1

I have texts from the organisations A, B, C and D For A, B, C I also have the outcomes (0/1). My goal is to create a classification model from the texts of A, B, C, which is able to predict the outcomes of D.

In general, the texts are very similar in structure and the wording is also related. Nevertheless, I can not exclude that every organisation has its own peculiarities in wording.

Now I am considering whether I should apply a specific cross-validation strategy to avoid that my model uses organisation-specific characteristics of the texts for classification. Does it make sense to adapt the CV so that, for example, I form the folders in such a way that an organisation is always a block? Within a folder, you could use A and B for training and evaluate the data at C. Then A and C for training, etc...This way only models that do NOT use the specific elements of A and B should be "successful".

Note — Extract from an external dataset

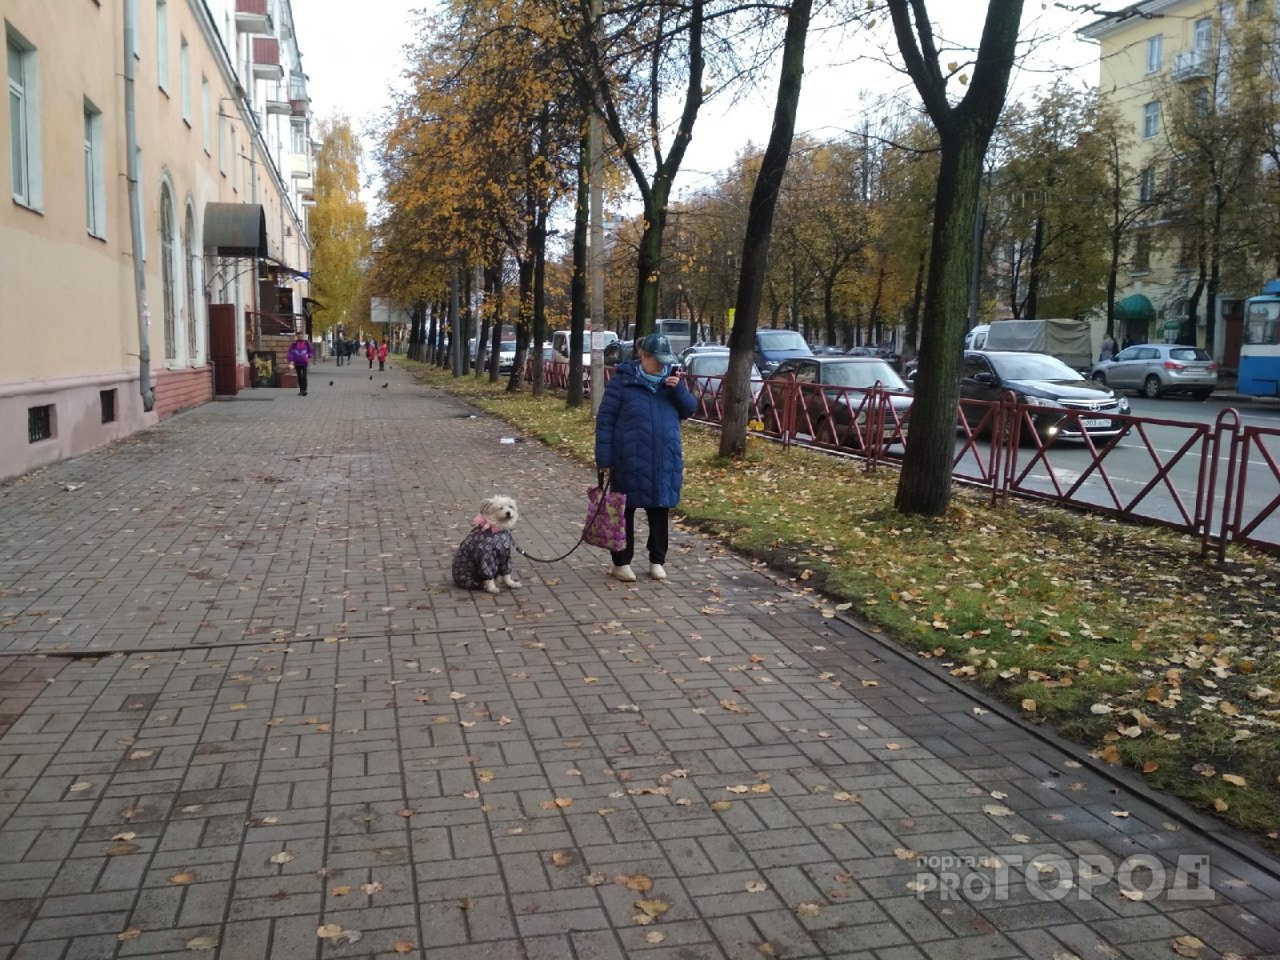 Ад для собачников: вводят новые правила содержания животных в Ярославле
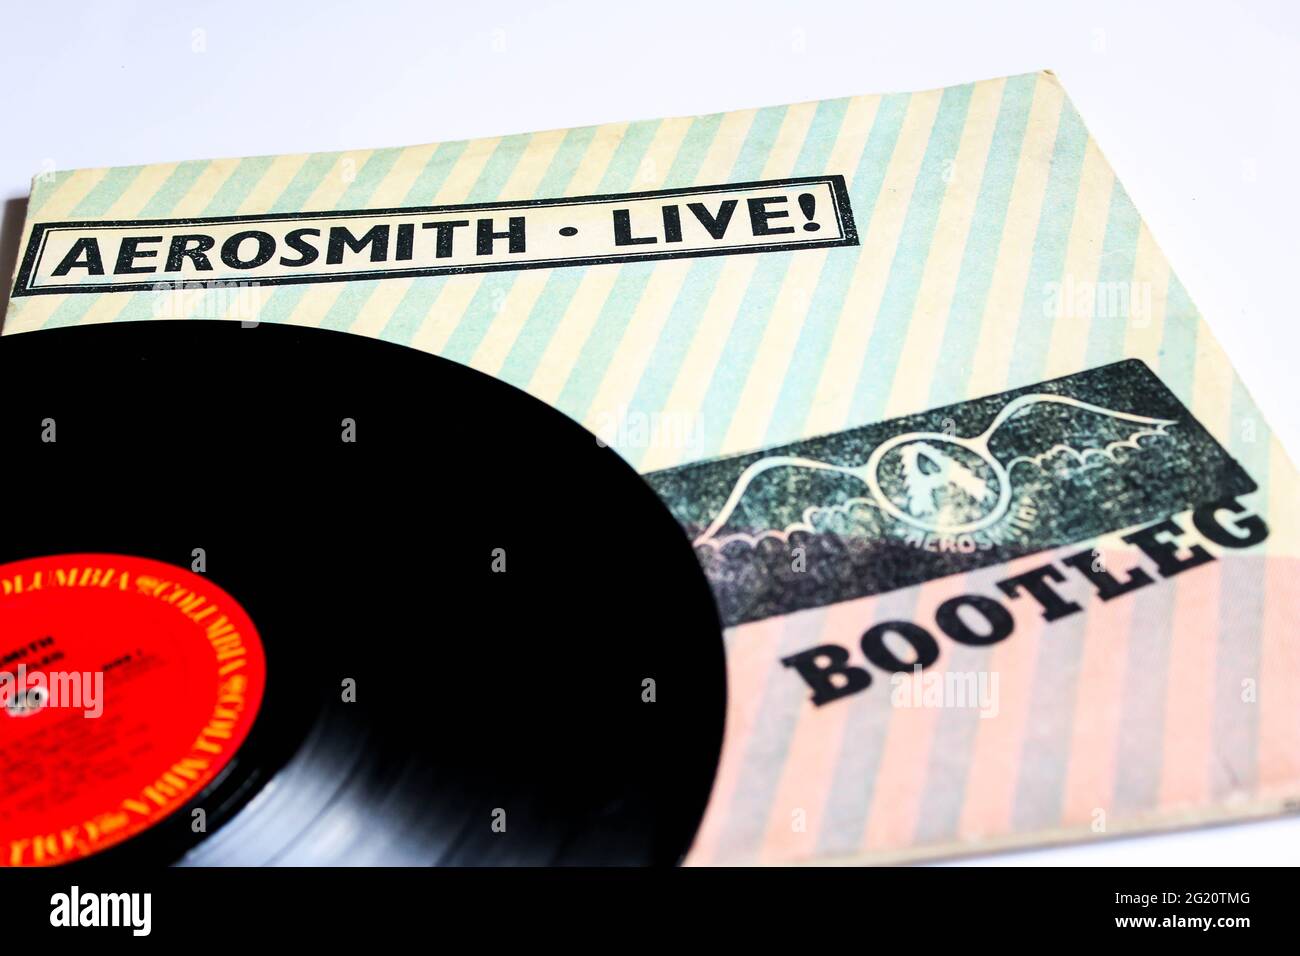 Klassische Rockband, Aerosmith, Musikalbum auf Vinyl-Schallplatte. Bootleg Genannt. Albumcover Stockfoto

Is there a name for this strategy and can anyone recommend literature? Are there any potential risks with this approach?

Martin
  • 542
  • By casting this as a classification task instead of a prediction task you are probably not meeting the study's goals. But validation is a poor way to underestanding organizational characteristics. It is better to model the effect of those characteristics then to understand their estimated effects with a whole-model fit. – Frank Harrell Nov 14 '20 at 12:43
  • Thank you very much for this thought-provoking impulse. Of course, it is a fundamental question whether an absolute binary decision makes sense. I am thinking about it myself and am still in the planning phase. Nevertheless my problem remains: How do I minimize the error probability of a model from A,B,C for a prediction of the outcomes of D (the outcomes of D are not known and not easily observable) ? Especially if I have a lot of possible explanatory variables? – Martin Nov 14 '20 at 13:43
  • 2
    The fact that a binary decision may ultimately be needed is not what drives the choice of analysis. Given a utility/cost/loss function you convert probabilities to optimum decisions (maximizing expected utility) and can also capitalize on gray zone probabilities (say 0.4-0.6) be used to indicate "no decision". Classifiers know nothing about optimum decisions. – Frank Harrell Nov 14 '20 at 17:11
  • I have understood that point. I am interested in how I ensure that my model generates valid probabilities out of sample. – Martin Nov 14 '20 at 18:43
  • 1
    Depending on the effective sample size and the number of candidate features, one good approach is to use the Efron-Gong optimism bootstrap to validate the whole-sample model, focusing on a proper probability accuracy scoring rule such as the Brier score. – Frank Harrell Nov 14 '20 at 22:18
  • 1
    @Frank Without knowing anything of their studies goals how can you assume they aren’t meeting them? – astel Nov 15 '20 at 19:46
  • Because forced choice classification without admitting that there is a gray zone seldom meets the needs of any study. – Frank Harrell Nov 15 '20 at 22:22
  • @Martin I'm facing a somewhat similar problem and I think what you're referring to is sometimes called "block cross-validation": https://doi.org/10.1111/ecog.02881 (If you work with R, this question might also be of interest: https://stats.stackexchange.com/q/137000/203941). – Fanfoué Aug 30 '22 at 13:18

1 Answers1

3

Whatever kind of resampling (CV or bootstrap) verification/validation scheme you use, when you know or suspect that your data is clustered such as by organization in your case, you need to split at the cluster level, otherwise the clusters create data leaks/lead to dependence. More generally speaking, you need to split so that also the highest-level confounding factors are independent for the splits.

In your case this basically means leave one organization out cross validation (or a similar subset of bootstrapped models) due to there being only 3 organizations.

So splitting strategy and model setup both follow from the data structure (cl you have/set up.

Everything Frank Harrell comments about predicting probabilities and using a proper scoring rule applies - these are modeling decisions/choices which are completely independent of the resampling scheme/data plan for verification.